Brussels is on the verge of gaining new legislative powers that would allow it to tackle market-distorting subsidies from foreign governments as the EU tries to defend itself against perceived unfair competition from capitals like Beijing.
The proposed rules, the summary of which was consulted by the Financial Times, significantly tighten the bloc’s approach to government-sponsored overseas competition.
The draft law, due to be published next week, is interpreted as a particular challenge for China at a tense moment for the EU’s relations with Beijing. It did so after the EU and China signed a tentative deal on a landmark investment treaty late last year – though it will take some time to ratify the deal.
The EU already has some tools in place to combat foreign subsidies, including trade defense tools and foreign investment screening to address potential security threats.
However, the state aid rules only directly target cash issued by European countries. Officials fear this has left a loophole when it comes to subsidies from non-EU countries, facilitating acquisitions in Europe, or supporting the activities of companies in the bloc.
According to the proposed regulation, which follows a Brussels White paper The European Commission published last year would be empowered to intervene in takeovers of EU companies or offers for public contracts if these are fueled by government subsidies from outside the bloc.
Under the new system, the largest and potentially most distorting takeovers or procurement offers would have to be notified to the Commission in advance. These are planned takeovers of companies worth at least EUR 500 million or procurement contracts worth at least EUR 250 million, according to two people familiar with the discussions.
The Commission could decide to open investigations into other cases that have the power to request information and conduct on-the-spot investigations. Foreign subsidies of less than EUR 5 million are unlikely to distort the EU internal market. Companies could be fined for failing to comply with requests for information or instructions on how to submit a takeover plan.
Due to the lack of transparency of foreign government subsidies, the Commission will use a number of “indicators” to assess the degree of possible distortion of the internal market, including the amount of any subsidy in relation to the size of a given market or the value of an acquisition. Certain types of subsidy, such as unlimited guarantees, are seen as particularly distorting.
Remedial measures include behavioral or structural corrective measures such as banning a business or selling assets, and repaying the subsidies received along with interest.
The proposal for a regulation falls within the remit of Margrethe Vestager, Executive Vice-President of the Commission who oversees competition.
“In recent years, foreign subsidies have in some cases distorted the EU’s internal market and created an unequal playing field,” the Financial Times summary said.
In some cases, these facilitated the acquisition of EU companies or the distorted trade in services to the detriment of competition. The government handouts include interest-free loans, unlimited government guarantees, or tax subsidies.

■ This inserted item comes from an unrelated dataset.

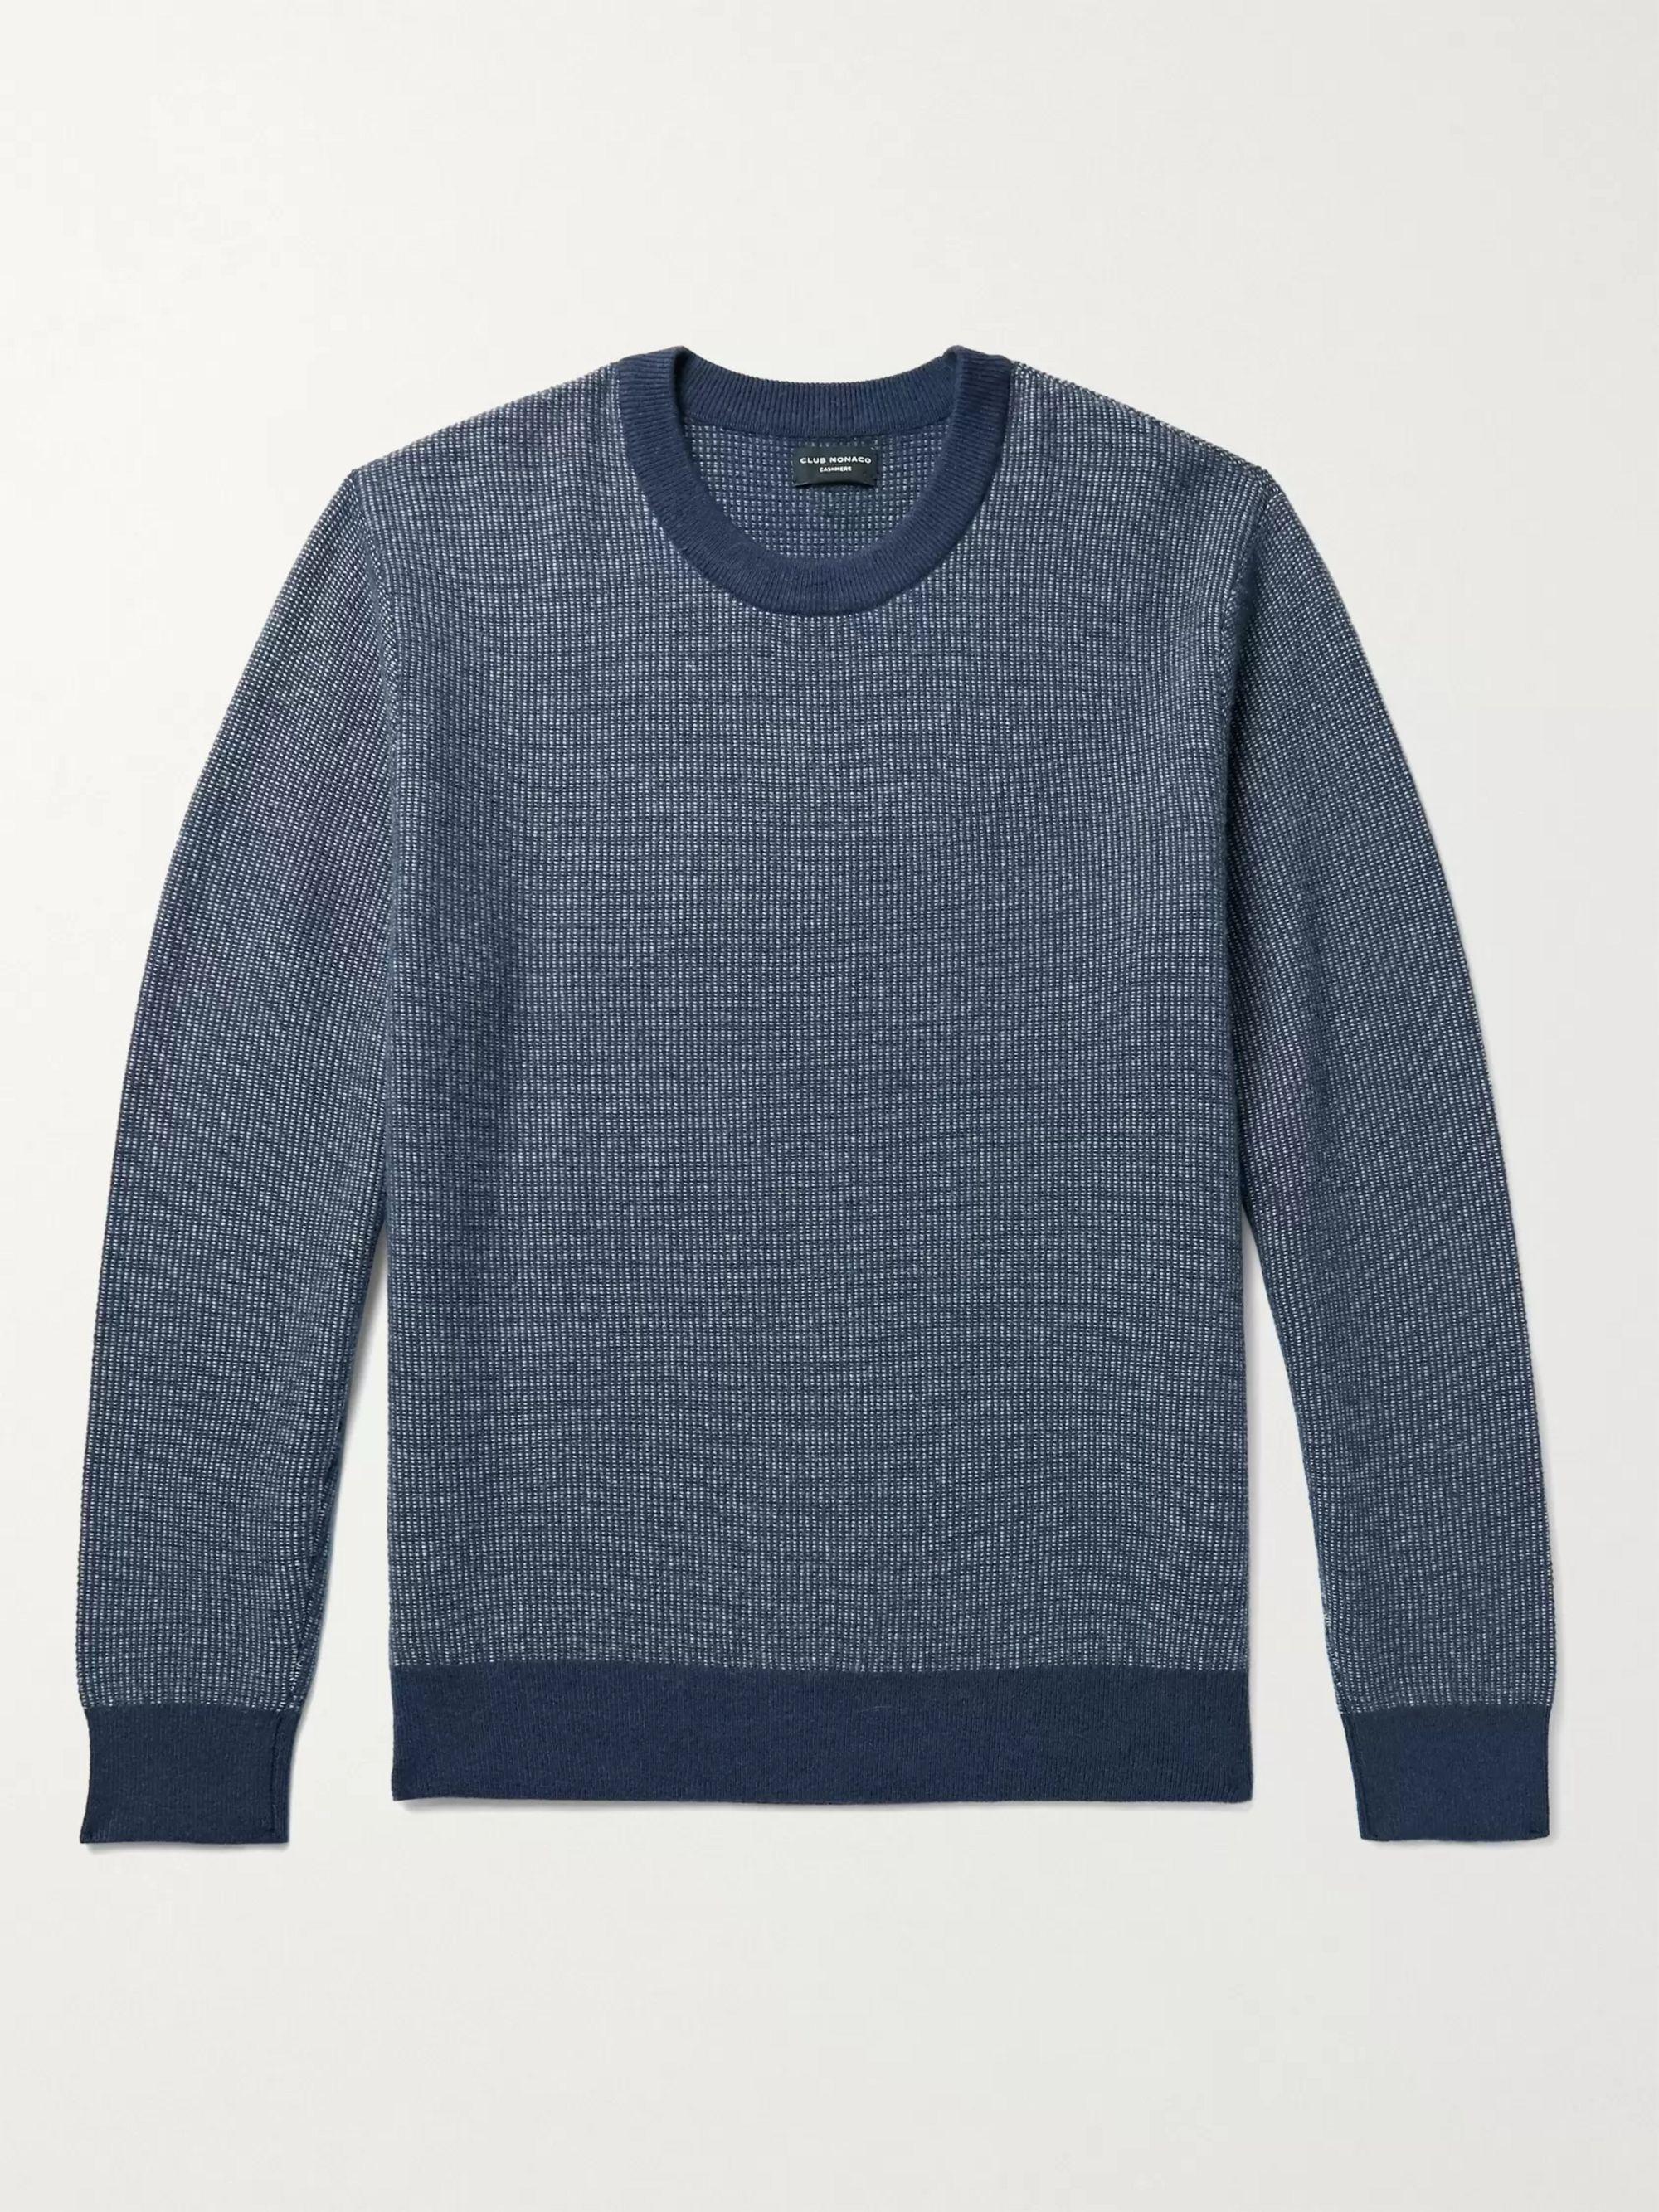 CLUB MONACO Cashmere Jacquard Sweater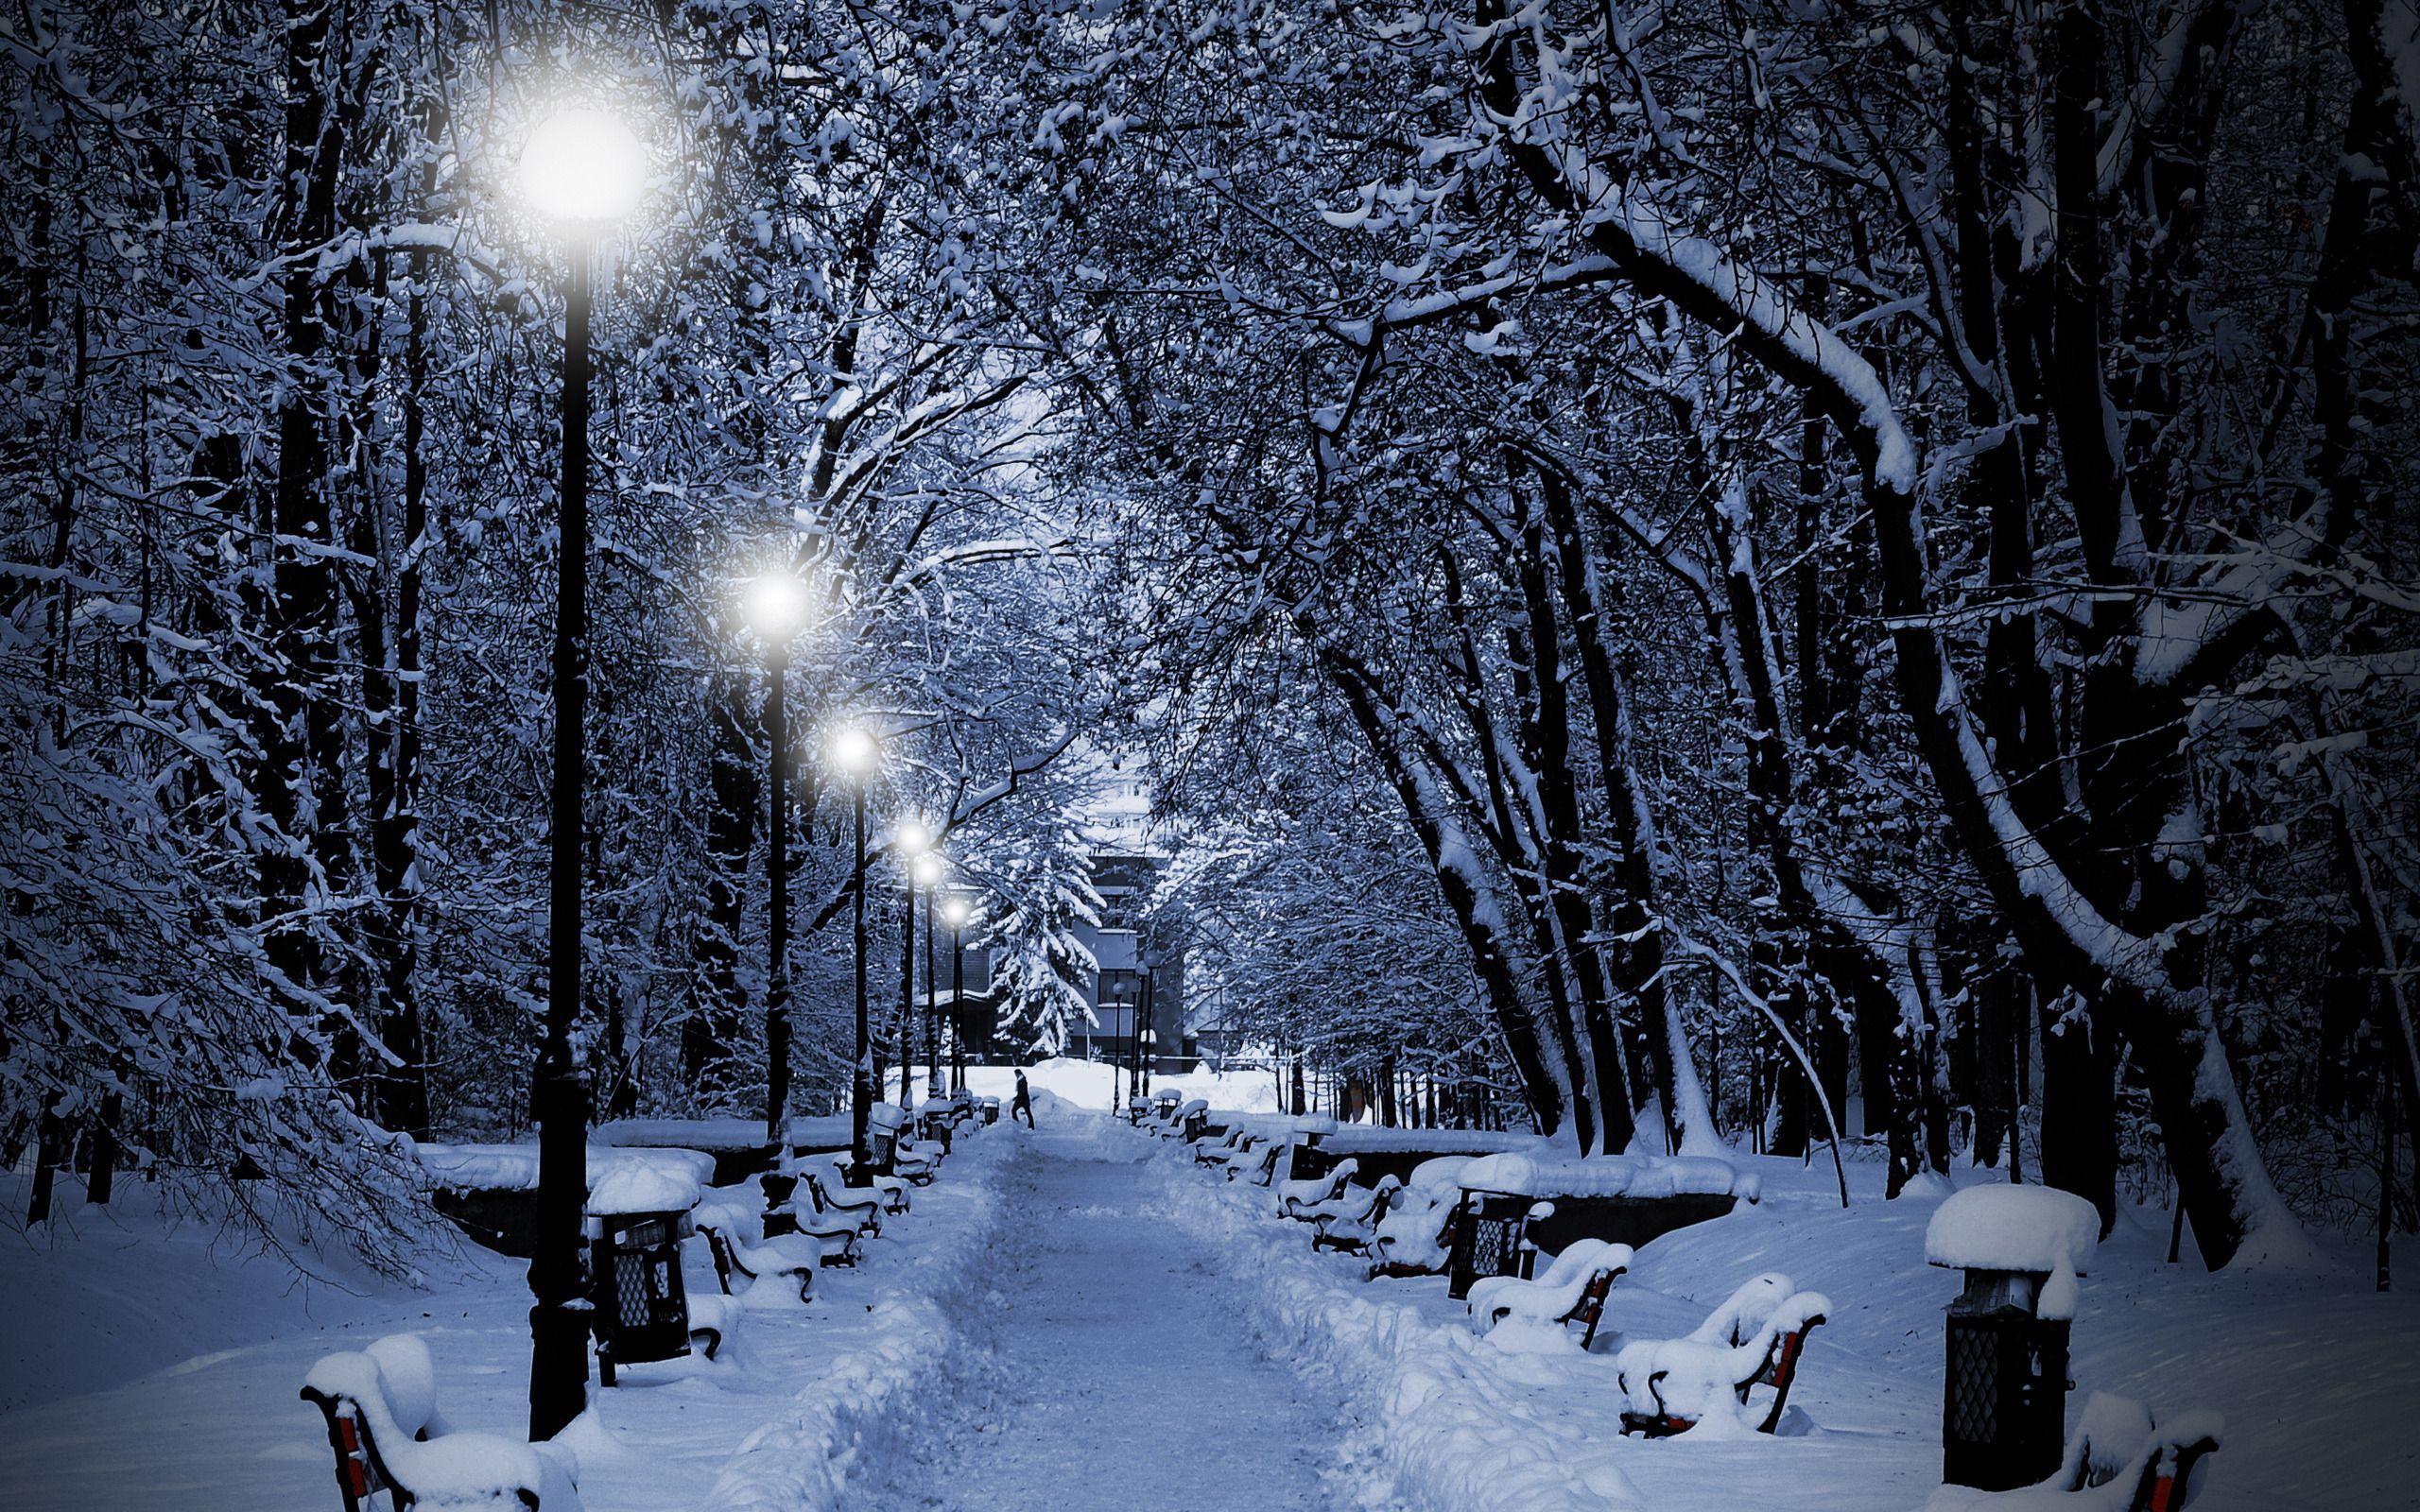 Christmas Snow Tumblr Hd Wallpaper.

The draft law will shortly be available for examination by the Member States and the European Parliament. However, it could take a few years for the regulation to come into force and warn stakeholders that the proposals could still change.
EU officials said the proposals would also affect European companies if found to be receiving subsidies from outside the EU. “The origin of the money matters, even if it is a European company,” said an official with direct knowledge of the proposals.
The commission said it had “no specific comment” on the proposals.